HSLCY / ABSA-BERT-pair

Utilizing BERT for Aspect-Based Sentiment Analysis via Constructing Auxiliary Sentence (NAACL 2019)
https://www.aclweb.org/anthology/N19-1035
MIT License
499 stars 138 forks source link

Question about imbalanced classes / labels in sentihood dataset #23

Open frankaging opened 4 years ago

frankaging commented 4 years ago

Hi, thanks for making your codebase public. I walked through your preprocessing steps, and modeling part. And I could not find a place that you are weighting different classes or labels. As in Sentihood dataset, there is far more "none" cases for sentiment polarity. Did you weight "none" less? Similarity for binary models, there is far more "yes" in this case, as there are many "yes" cases for "none".

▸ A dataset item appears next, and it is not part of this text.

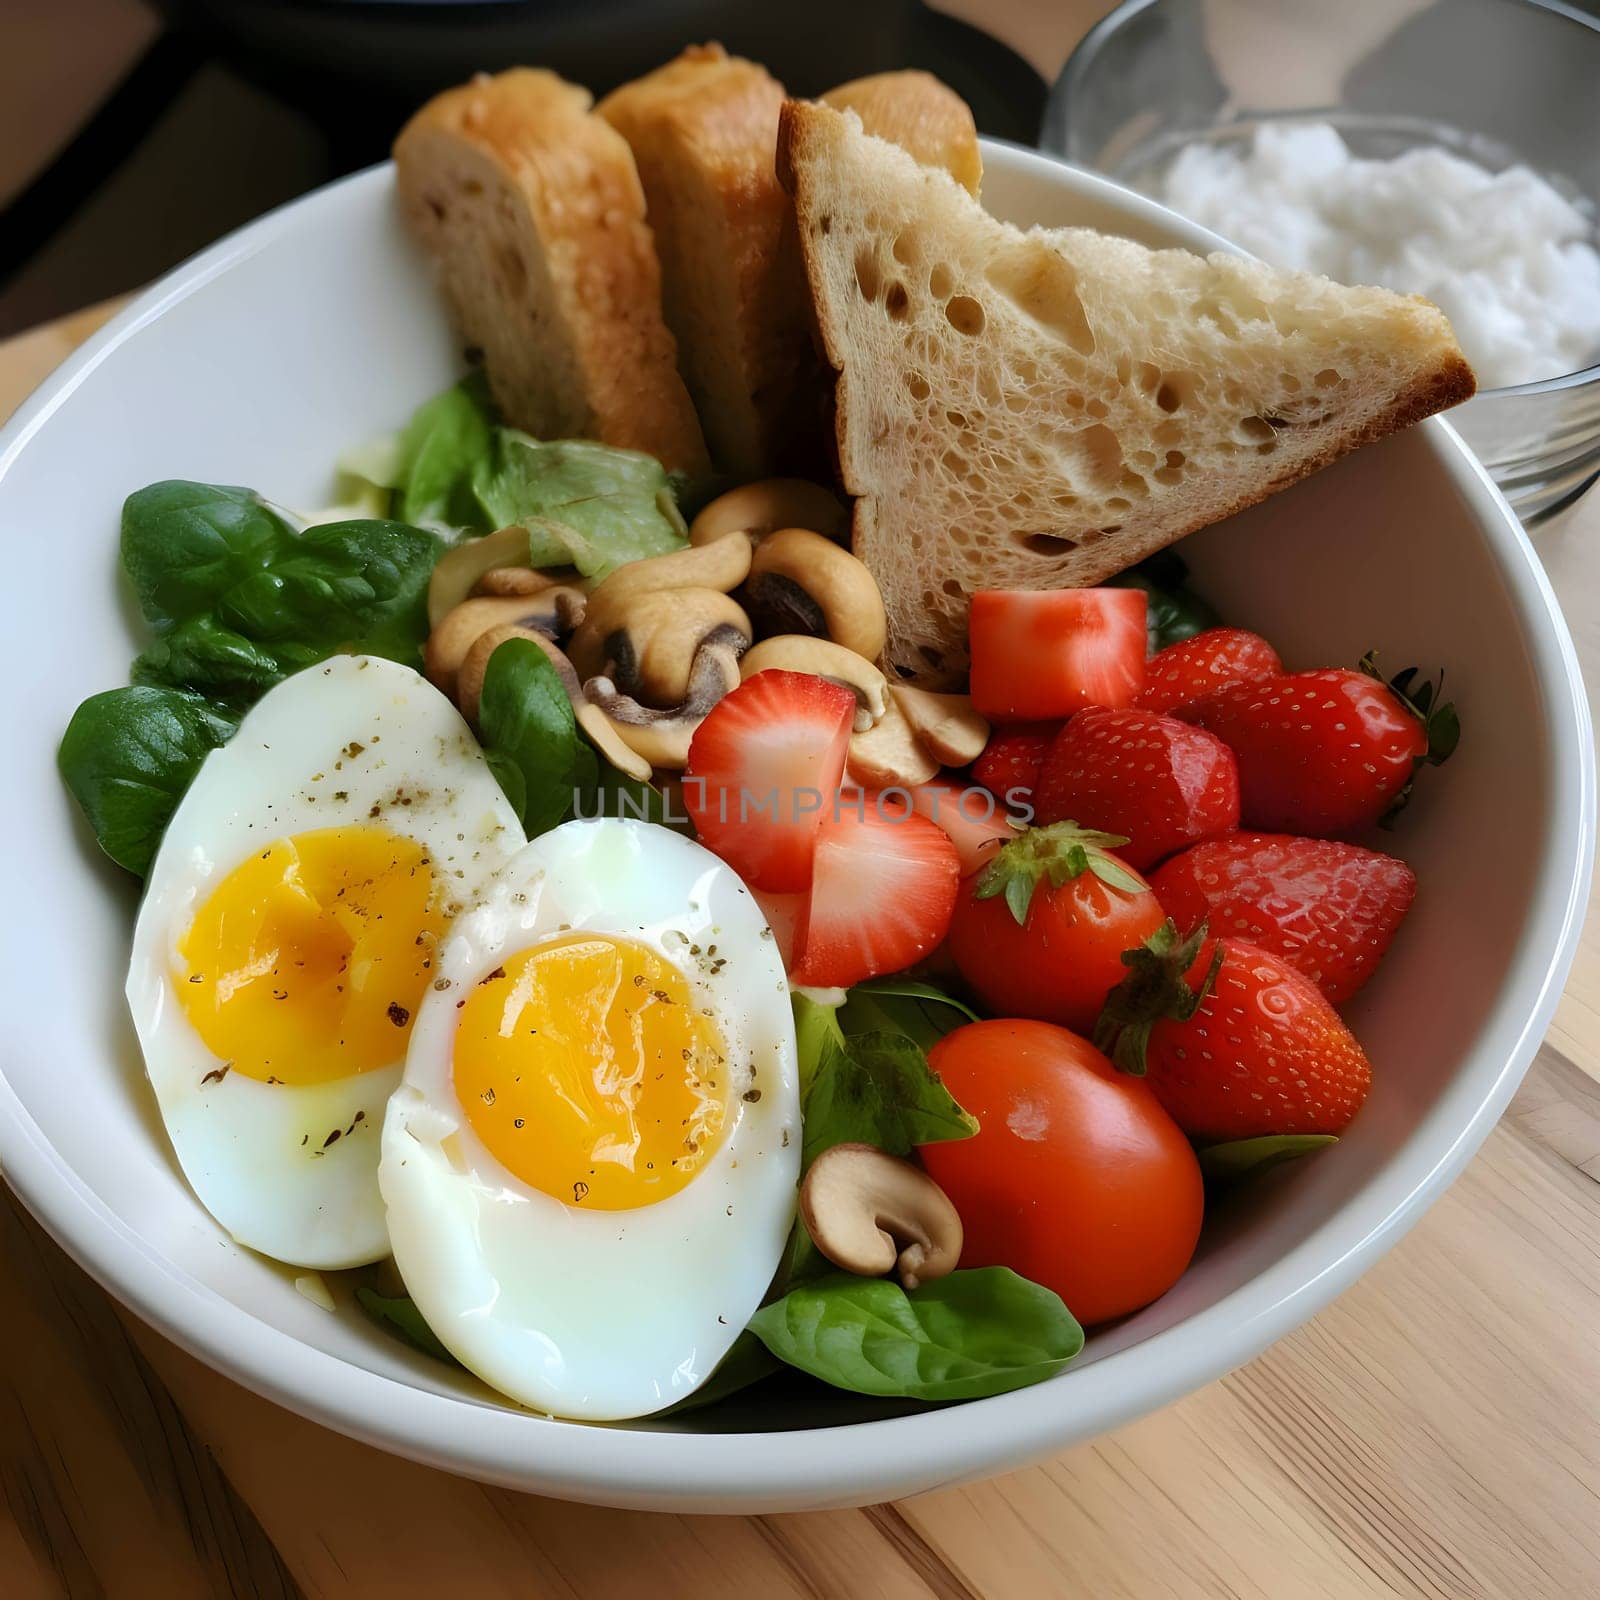 Egg, strawberries, tomato and bread in a bowl. by ThemesS

As a followup to the binary models, because there are many "yes" cases for "none", the positive score for "none" is biased, and can be always larger than other two. Did this happen when you train your model? The model will just output "none"? Thanks.

sunny678 commented 4 years ago

Yes, the constructed labels are imbalanced. BERT's generalization ability is strong, and it can learn key information. The model will not just output "none". However, when the number of aspects is larger, we may reduce the number of "none" cases when constructing data.